Inference can again be based on a conditional permutation approach. This consists of holding the tuple of values observed at \(i\) fixed, and computing the statistic for a number of permutations of the remaining tuples over the other locations. Note that because the full tuple is being used in the permutation, the internal correlation of the variables is controlled for, and only the spatial component gets altered.
The permutation results in an empirical reference distribution that represents a computational approach at obtaining the distribution of the statistic under the null. The associated pseudo pvalue corresponds to the fraction of statistics in the empirical reference distribution that are equal to or more extreme than the observed statistic.

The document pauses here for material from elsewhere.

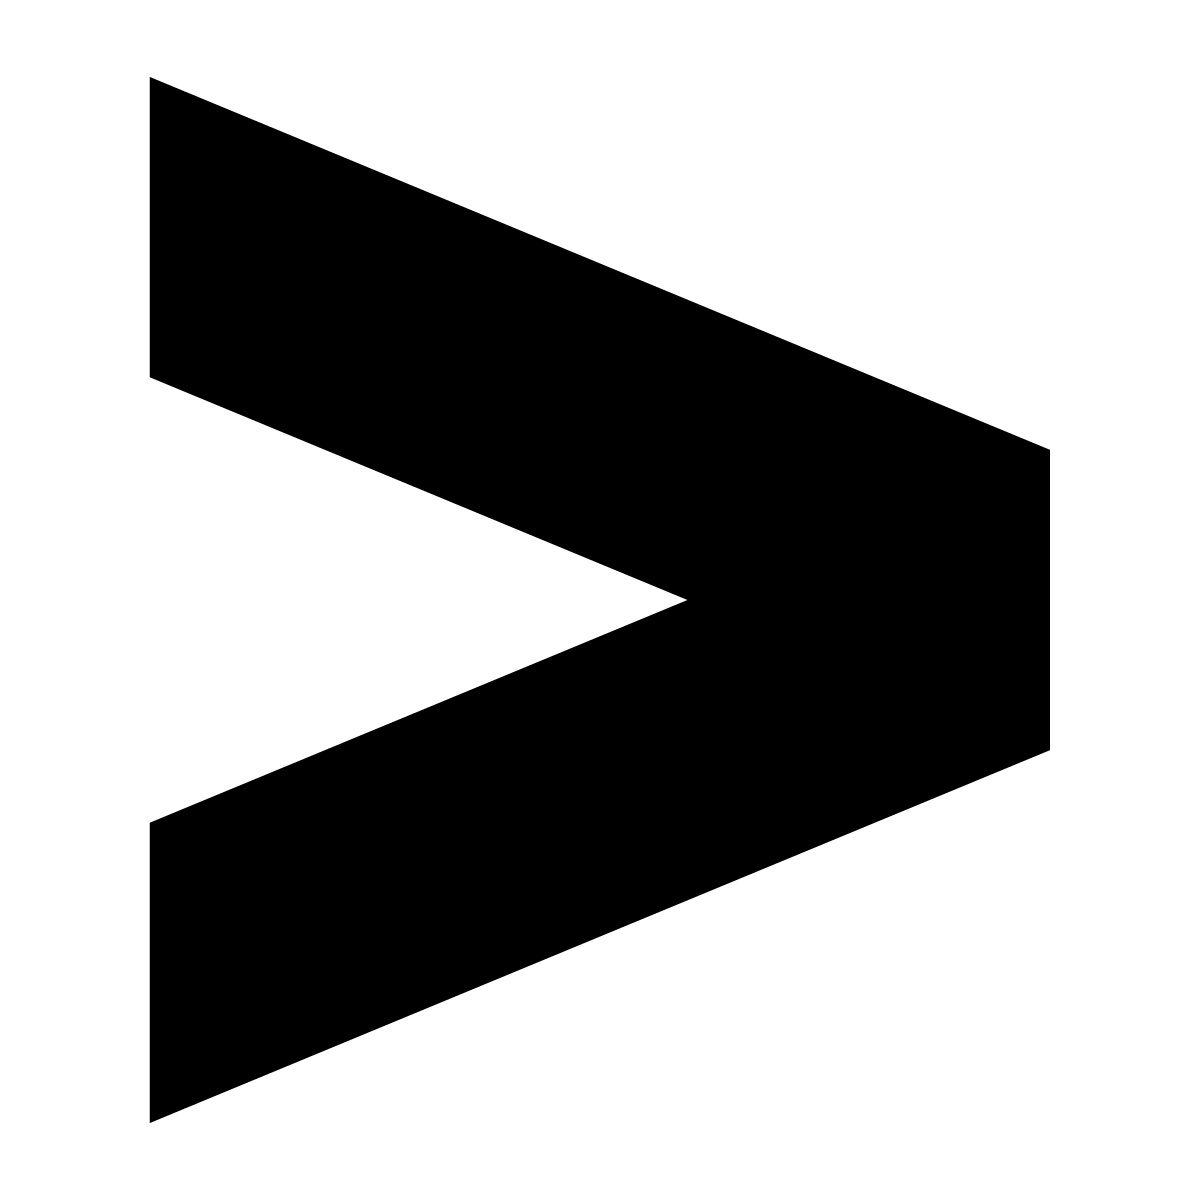 Source Http Www Abcteach Com Documents Clip Art Math Symbols Less Than Or Equal To Sign Bw 19256 Sigil Symbols Clip Art

Such an approach suffers from the same problem of multiple comparisons mentioned for all the other local statistics. In addition, there is a further complication. When comparing the results for \(k\) univariate Local Geary statistics, these multiple comparisons need to be accounted for as well.
For example, for each univariate test, the target pvalue of \(\alpha\) would typically be adjusted to \(\alpha / k\) (with \(k\) variables, each with a univariate test), as a Bonferroni bound. Since the multivariate statistic is in essence a sum of the statistics for the univariate cases, this would suggest a similar approach by dividing the target pvalue by the number of variables (\(k\)). Alternatively, and preferable, a FDR strategy can be pursued. The extent to which this actually compensates for the two dimensions of multiple comparison (multiple variables and multiple observations) remains to be further investigated.^{2}
Implementation
Univariate analysis of multiple variables
Before moving on to the multivariate case, we consider what we learn from a univariate analysis of multiple variables. We will use the Geary data set and the variables crimes against persons (Crm_prs), crimes against property (Crm_prp), and donations (Donatns).
We first gain a general perspective on the spatial distribution of each variable by means of a set of quintile maps, shown in Figures 6 to 8.
These maps illustrate the challenge encountered when trying to quantify multivariate spatial correlation, in that they bring out very different patterns. For example, as we may recall from previous Chapters, we notice the concentration of lowest quintile values in the southeast of the country for Donatns (in Figure 8), that is somewhat matched by a similar pattern for Crm_prs (in Figure 6). However, for Crm_prp, the opposite seems to be the case (Figure 7). The lack of correspondence is also indicated by a fairly weak pairwise correlation between these variables: 0.255 between Crm_prs and Crm_prp, 0.134 between Crm_prs and Donatns, and 0.082 between Crm_prp and Donatns (see Anselin 2019, 141).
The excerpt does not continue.